EVI TypeScript Quickstart

A quickstart guide for implementing the Empathic Voice Interface (EVI) with TypeScript.

This tutorial provides step-by-step instructions for implementing EVI using Hume’s TypeScript SDK, and is broken down into five key components:

  1. Authentication: Authenticate your application with EVI using your credentials.
  2. Connecting to EVI: Set up a secure WebSocket connection to interact with EVI.
  3. Capturing & recording audio: Capture audio input and prepare it for processing.
  4. Audio playback: Play back the processed audio output to the user.
  5. Interruption: Manage and handle interruptions during the chat.

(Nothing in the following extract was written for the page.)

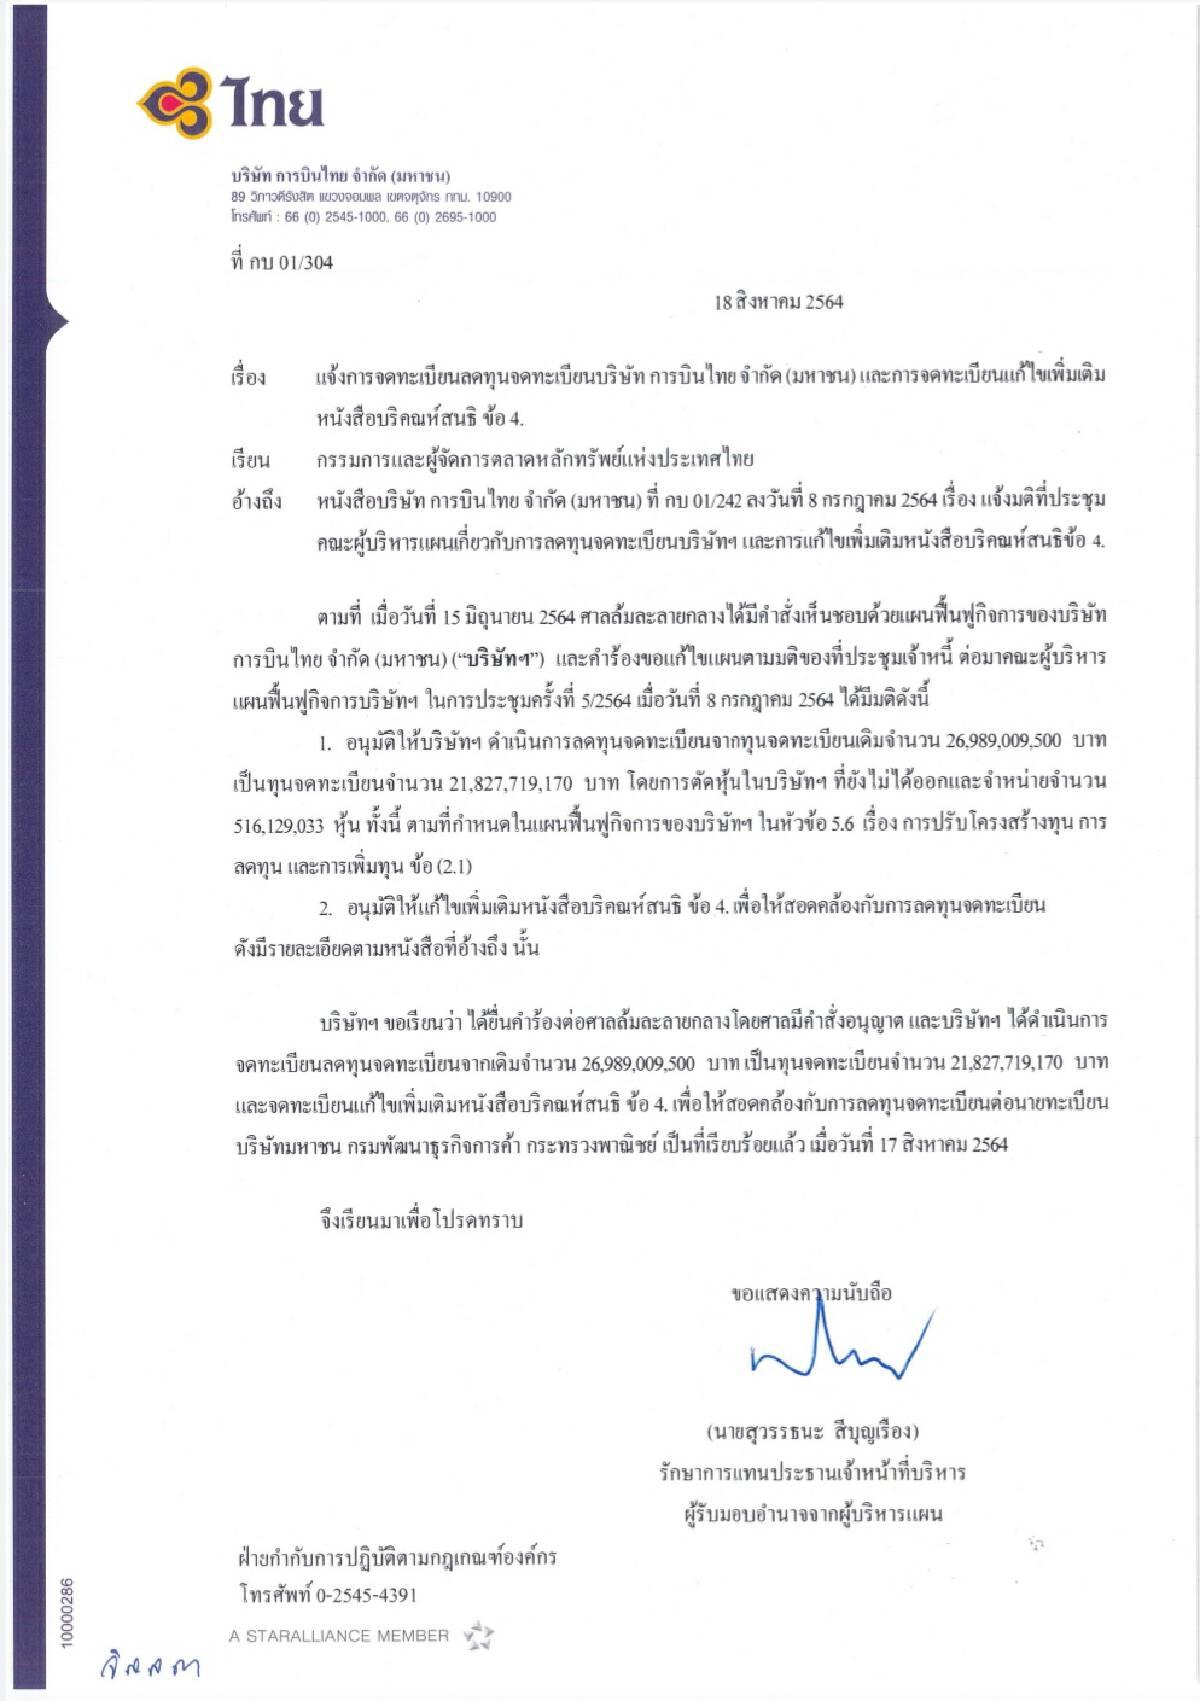 """ศาลล้มละลายกลางไฟเขียว """"การบินไทย"""" ลดทุนจดทะเบียนเหลือ 2.1 หมื่นล้าน"""

To see the full implementation within a frontend web application, visit our API examples repository on GitHub: hume-evi-typescript-example.

1

Authenticate

In order to establish an authenticated connection we will first need to instantiate the Hume client with our API key and Secret key. These keys can be obtained by logging into the portal and visiting the API keys page.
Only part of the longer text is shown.